From Eqs. (10-22) and (10-23),

\frac{U_{L}\left(T_{c}-T_{a}\right)}{\alpha \tau}=\frac{\Sigma I_{i}^{2}}{\Sigma I_{i}} (10-22)

\frac{\Sigma I_{i}^{2}}{\Sigma I_{i}}=0.219+0.832 K_{T} (10-23)

\frac{U_{L}\left(T_{c}-T_{a}\right)}{\alpha \tau}=0.219+0.832(0.502)=0.637 \mathrm{~kW} \cdot \mathrm{m}^{-2}

 

From Eq. (10-24), for May, S_M = 42 − 22 = 20° and

C_{f}=1.0-0.000117\left(S_{M}-S\right)^{2} (10-24)
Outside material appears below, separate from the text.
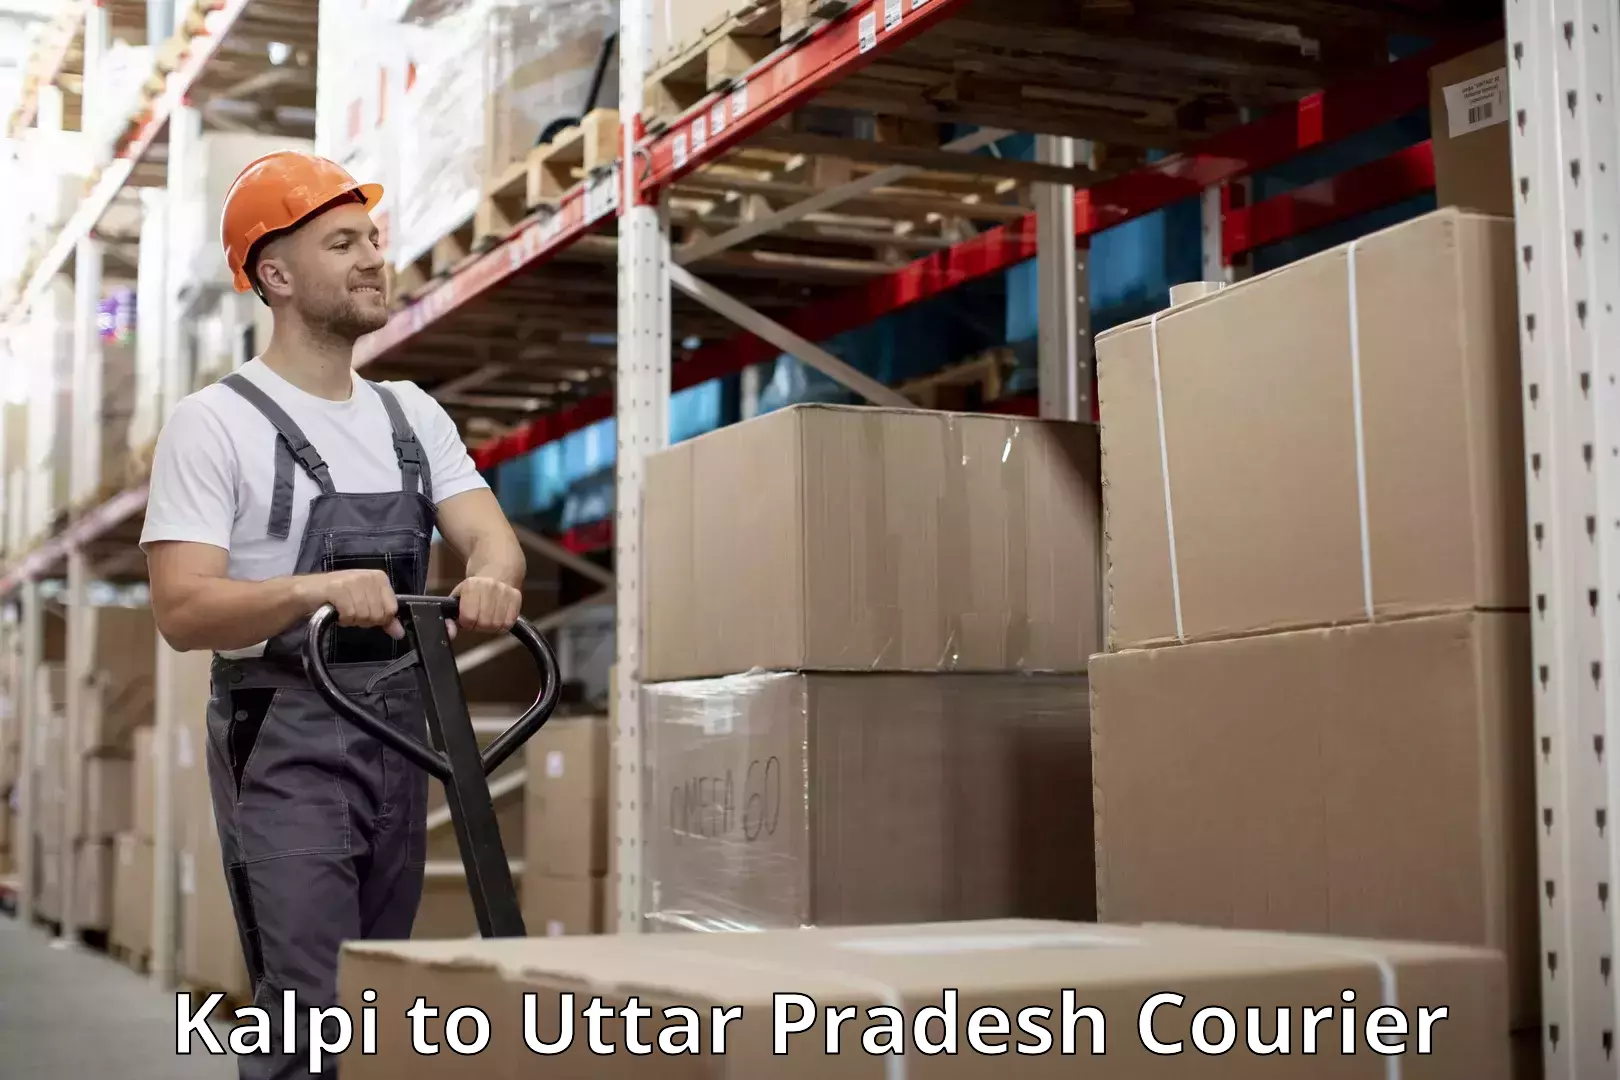 Luggage delivery news Kalpi to Uttar Pradesh
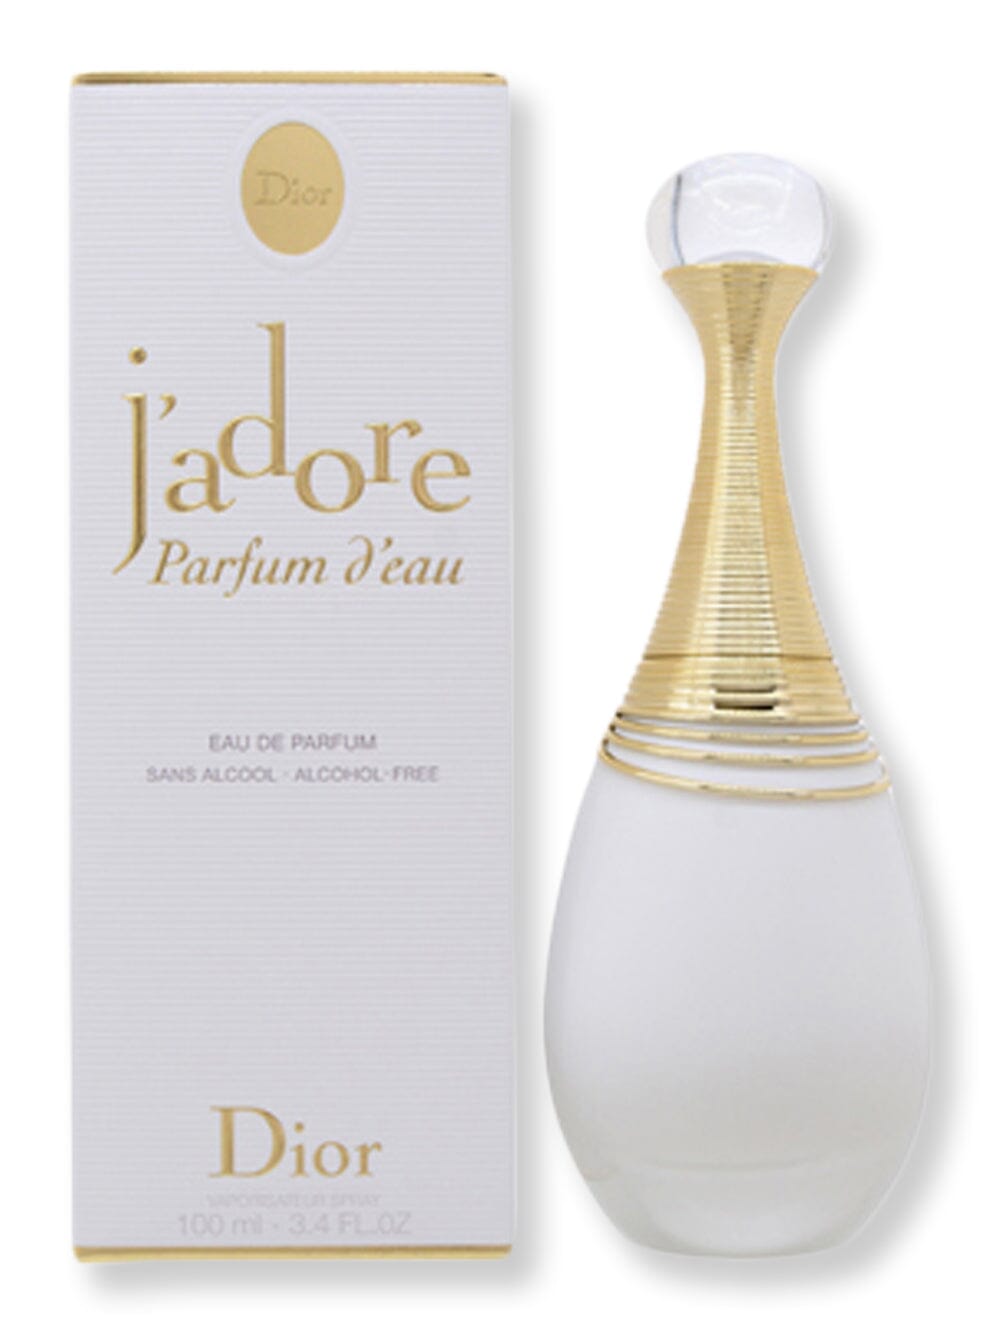 Dior Dior Jadore D'eau EDP Spray 3.3 oz100 ml Perfume

C_f= 1.0 − 0.000117(20 − 45)^2 = 0.927

Leading to

\left(T_{c}-T_{a}\right)=\frac{(0.927)(0.637)(0.88)(0.95)}{(0.02)}=24.7 \mathrm{~K}

 

Assume

\left(T_{a}-T_{M}\right)=3 \mathrm{~K}

 

From the data provided

\left(T_{M}-T_{r}\right)=15.3-20=-4.7 \mathrm{~K}

 

The average cell efficiency for the month is calculated from Eq. (10-18) as follows:

\eta=\eta_{r}\left[1-\beta\left(T_{c}-T_{a}\right)-\beta\left(T_{a}-T_{M}\right)-\beta\left(T_{M}-T_{r}\right)+\gamma \log _{10}\left(I_{i}\right)\right] (10-18)

η = 0.15[1 − 0.0045(24.7 + 3 − 4.7)] = 0.134(13.4%)

The daily average insolation integral is 4.97 kWh · m^{−2}, and May has 31 days, thus

E_{May} = 0.134(31)(4.97) = 20.6kWh ⋅m^{−2}

Extending this solution to an entire year requires weather data for a year and perhaps a spreadsheet or computer language such as Matlab to expedite calculations.